* **To do**
Give back, word for word, only the lines from the opening of the records through the one with "h. Based on this, we should Select an answer". Pictures stay out.
═══ Exercise material
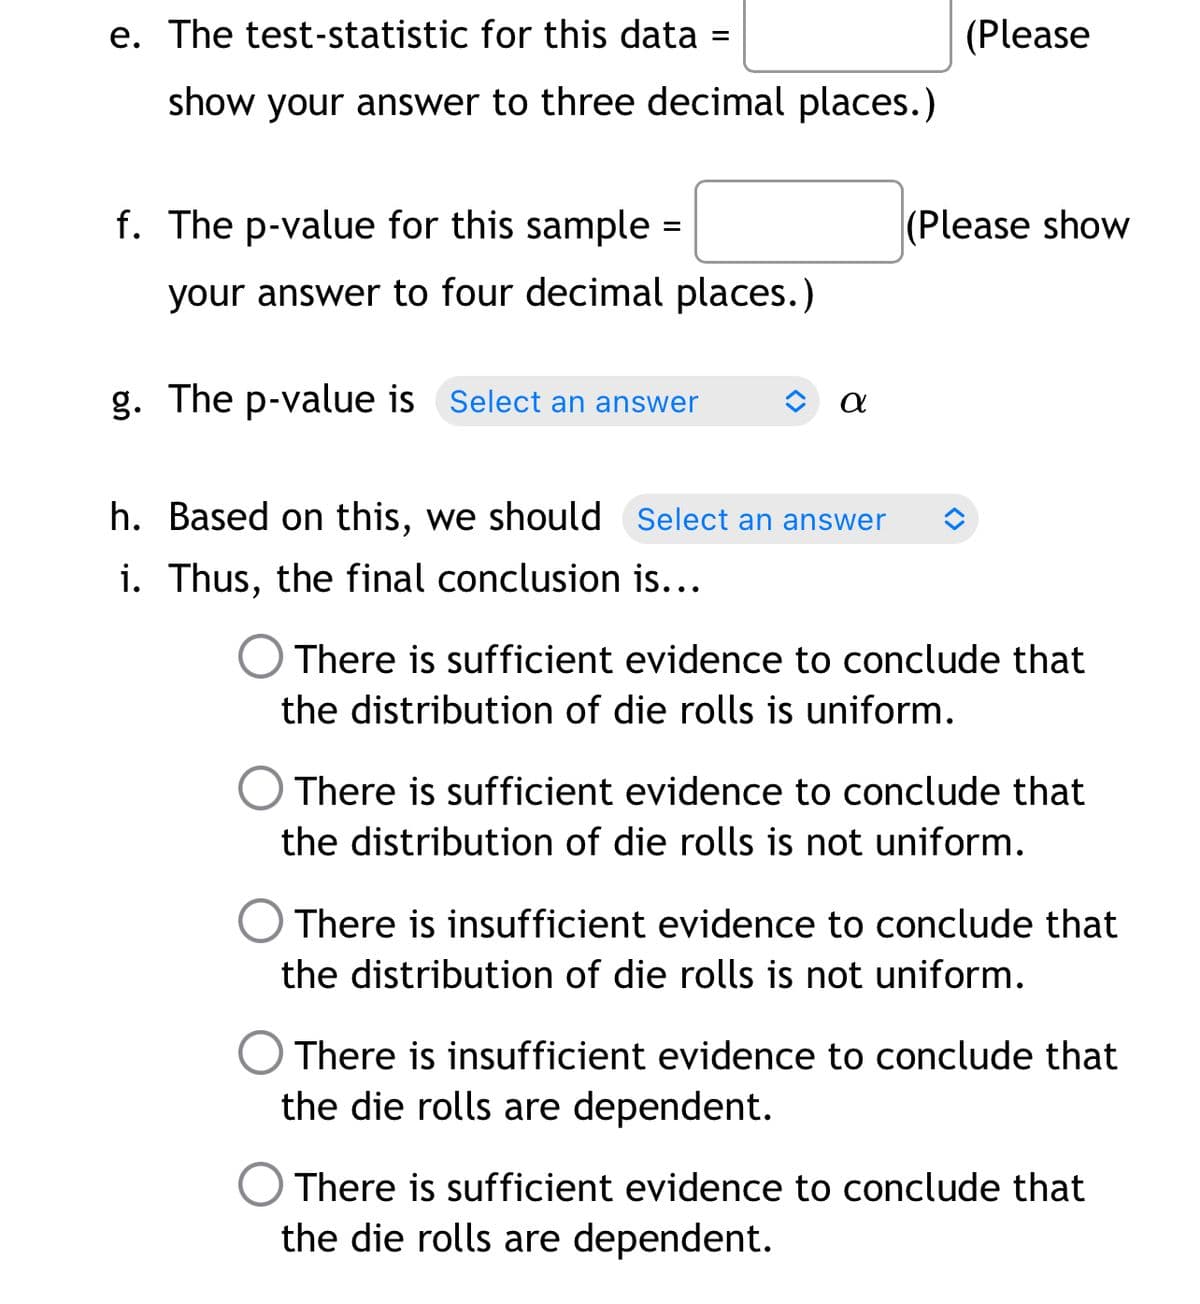 e. The test-statistic for this data
(Please
show your answer to three decimal places.)
f. The p-value for this sample =
(Please show
your answer to four decimal places.)
g. The p-value is Select an answer
h. Based on this, we should Select an answer
i. Thus, the final conclusion is...
There is sufficient evidence to conclude that
the distribution of die rolls is uniform.
There is sufficient evidence to conclude that
the distribution of die rolls is not uniform.
There is insufficient evidence to conclude that
the distribution of die rolls is not uniform.
There is insufficient evidence to conclude that
the die rolls are dependent.
O There is sufficient evidence to conclude that
the die rolls are dependent.
══════
* **Response box**
 e. The test-statistic for this data
(Please
show your answer to three decimal places.)
f. The p-value for this sample =
(Please show
your answer to four decimal places.)
g. The p-value is Select an answer
h. Based on this, we should Select an answer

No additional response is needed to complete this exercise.